WHAT IS EXPECTED. Print the data exactly. Pictures stay out.

INPUT DATA.
##############################

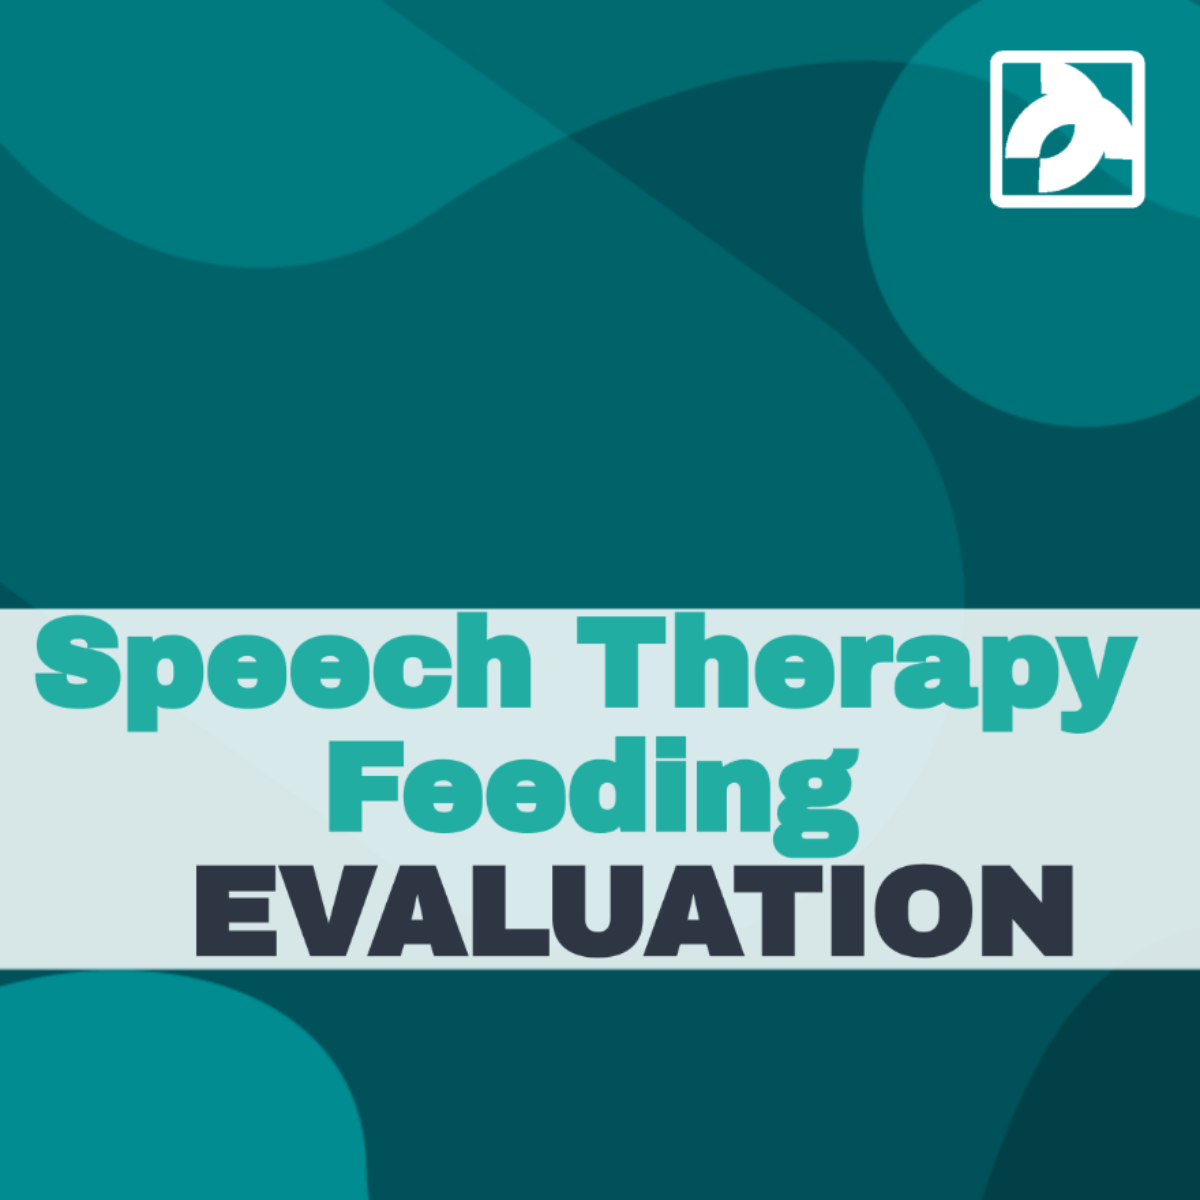 Speech Therapy Feeding Evaluation Template
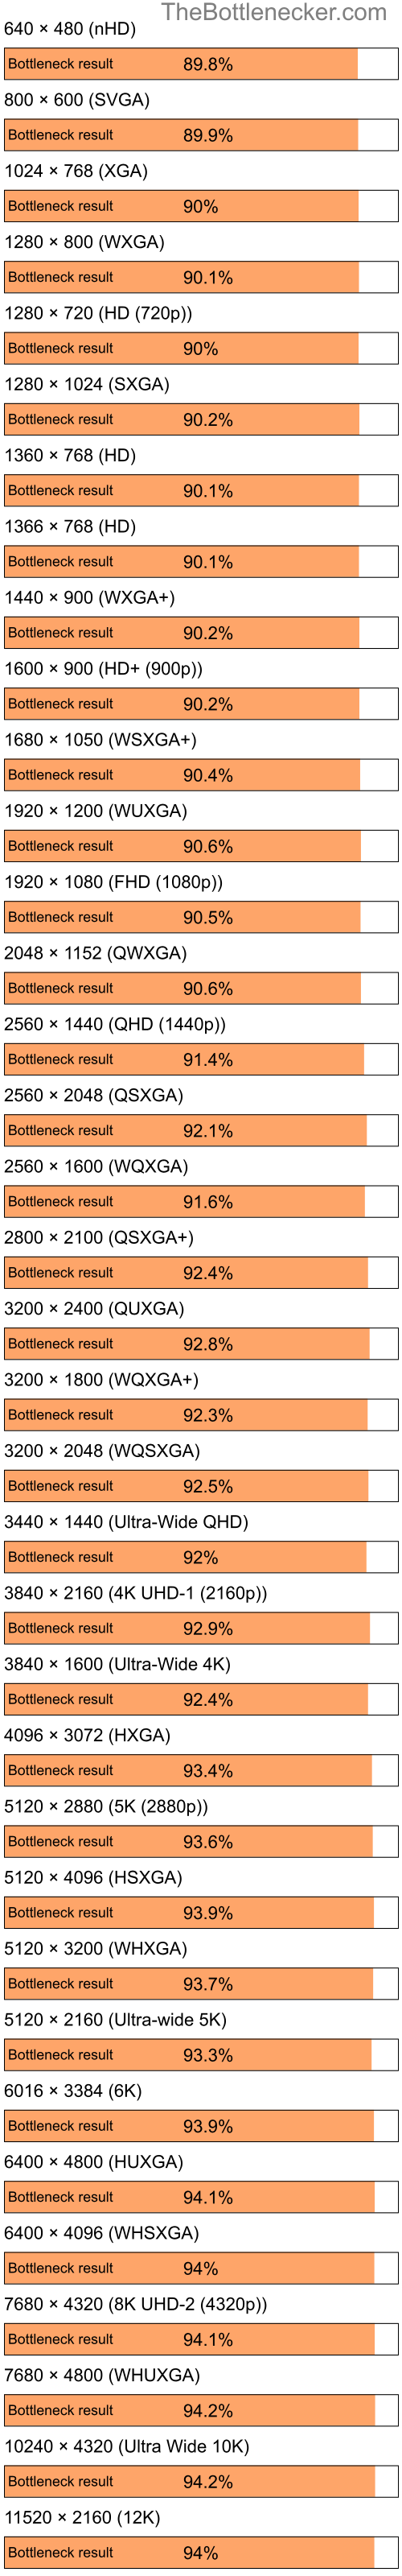 Bottleneck results by resolution for Intel Pentium 4 and NVIDIA GeForce2 GTS in General Tasks
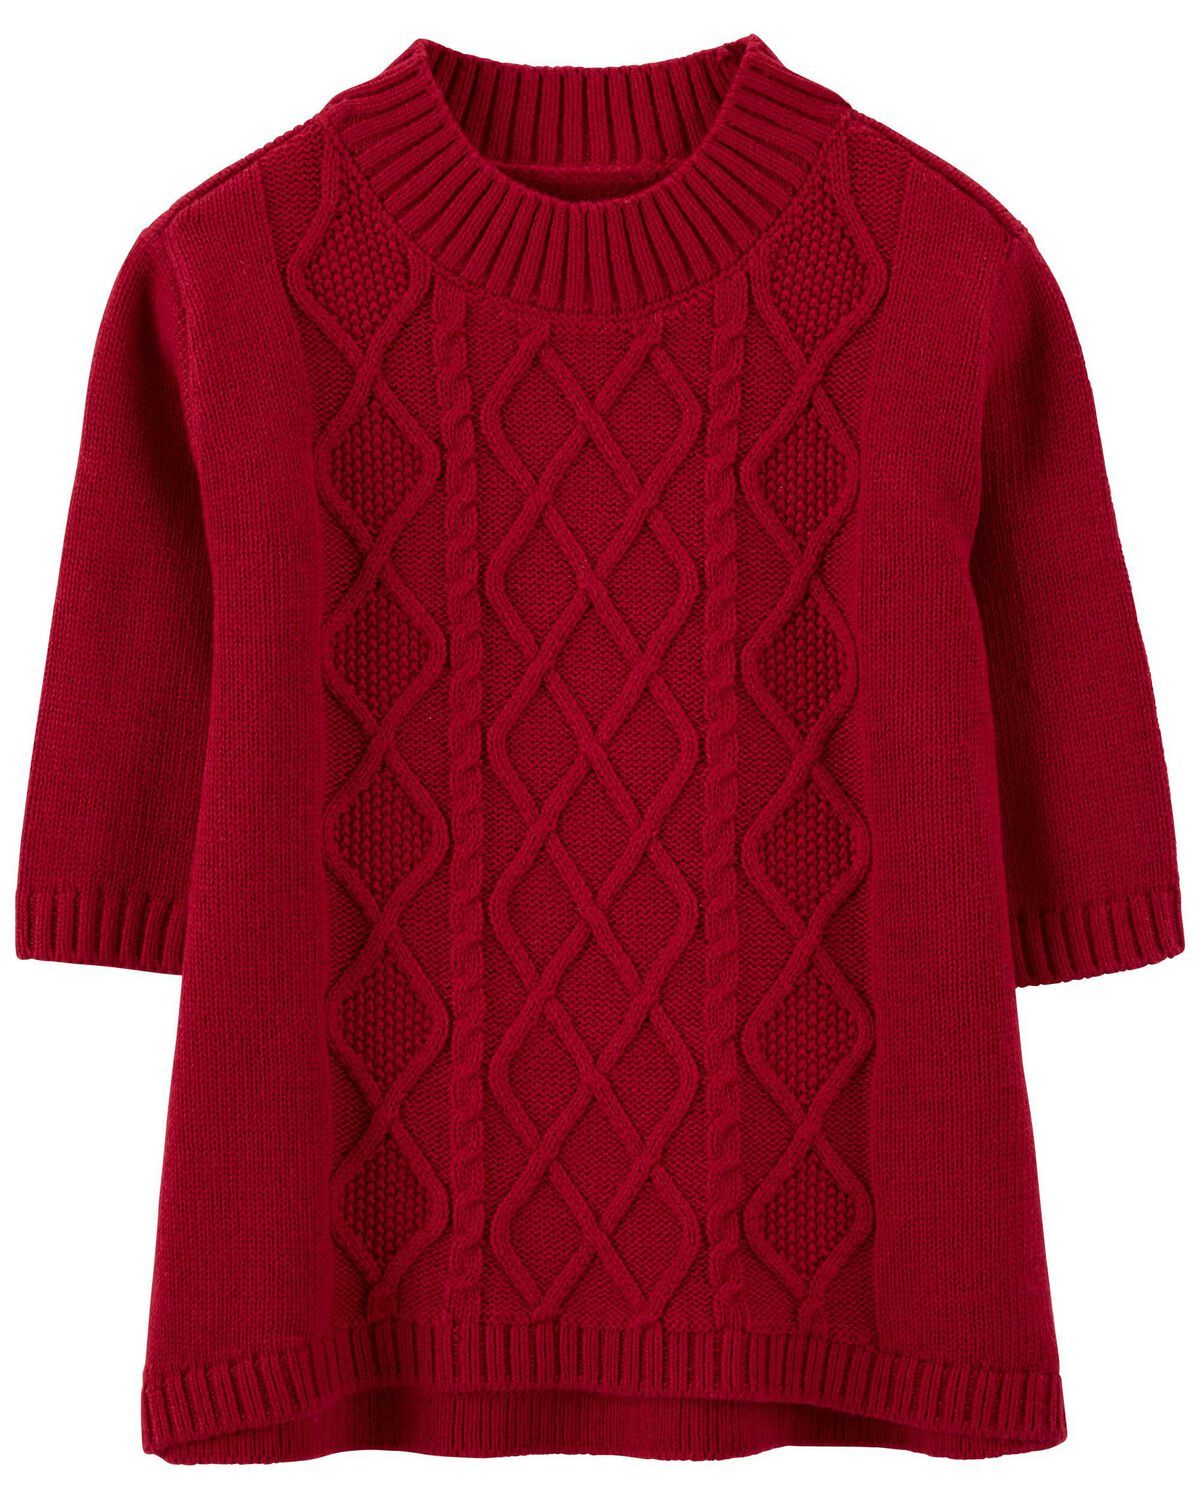 Red Baby Cable Knit Sweater Dress | carters.com | Carter's
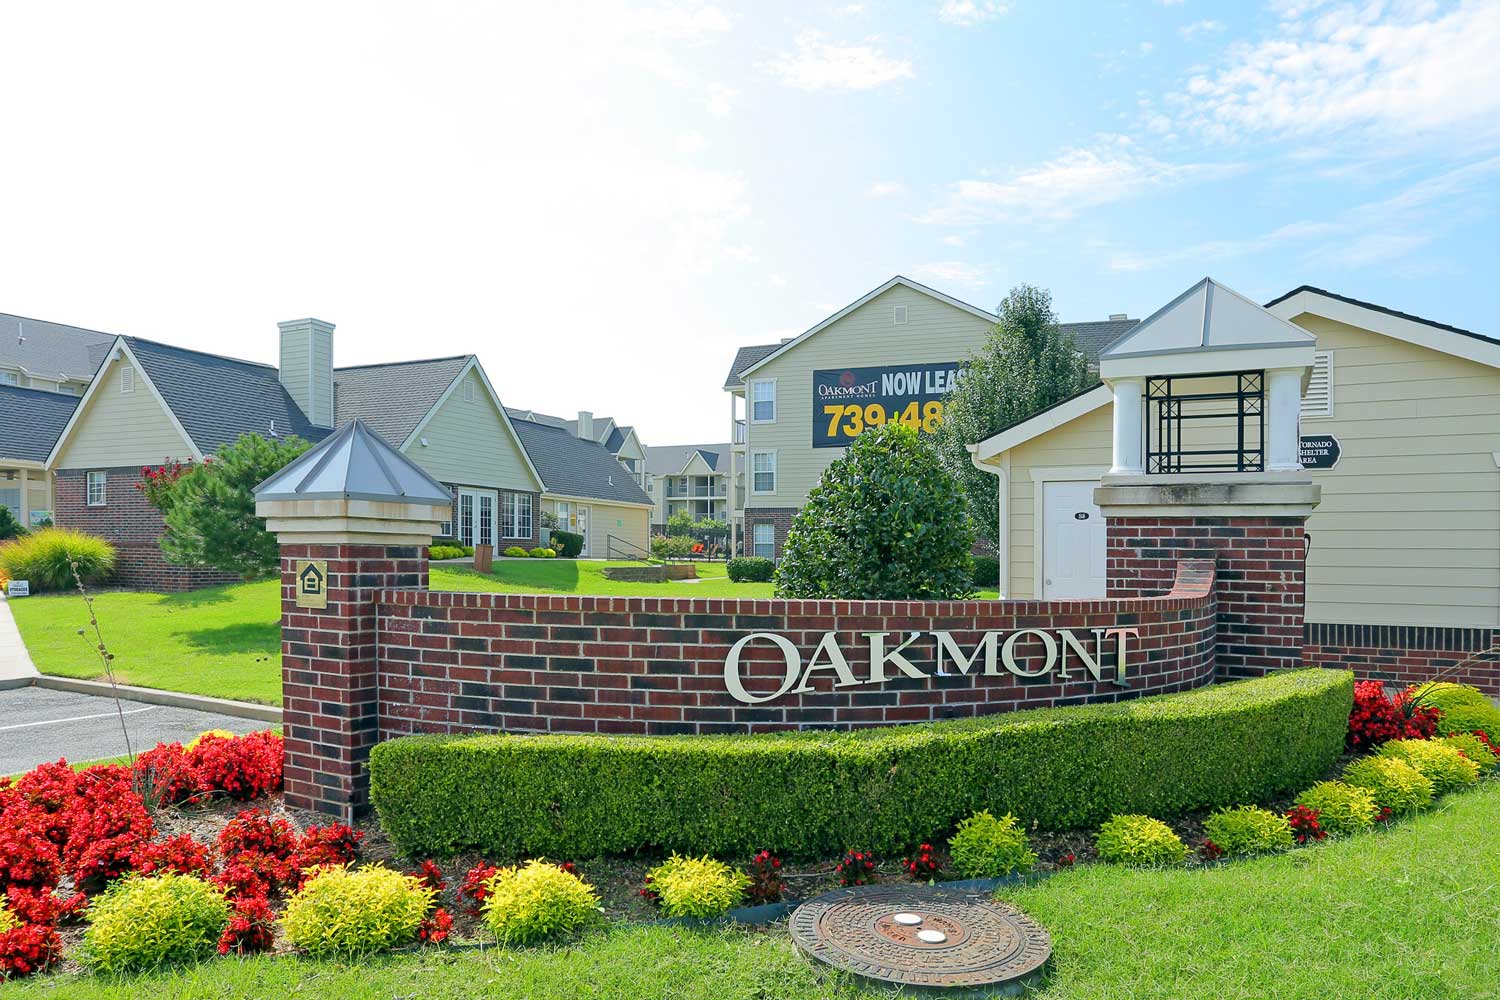 Property Signs at the Oakmont Apartment Homes

##############################

RESULT OF THE TASK.
 Speech Therapy Feeding Evaluation Template
 Bottleneck results by resolution for Intel Pentium 4 and NVIDIA GeForce2 GTS in General Tasks
 Red Baby Cable Knit Sweater Dress | carters.com | Carter's
 Property Signs at the Oakmont Apartment Homes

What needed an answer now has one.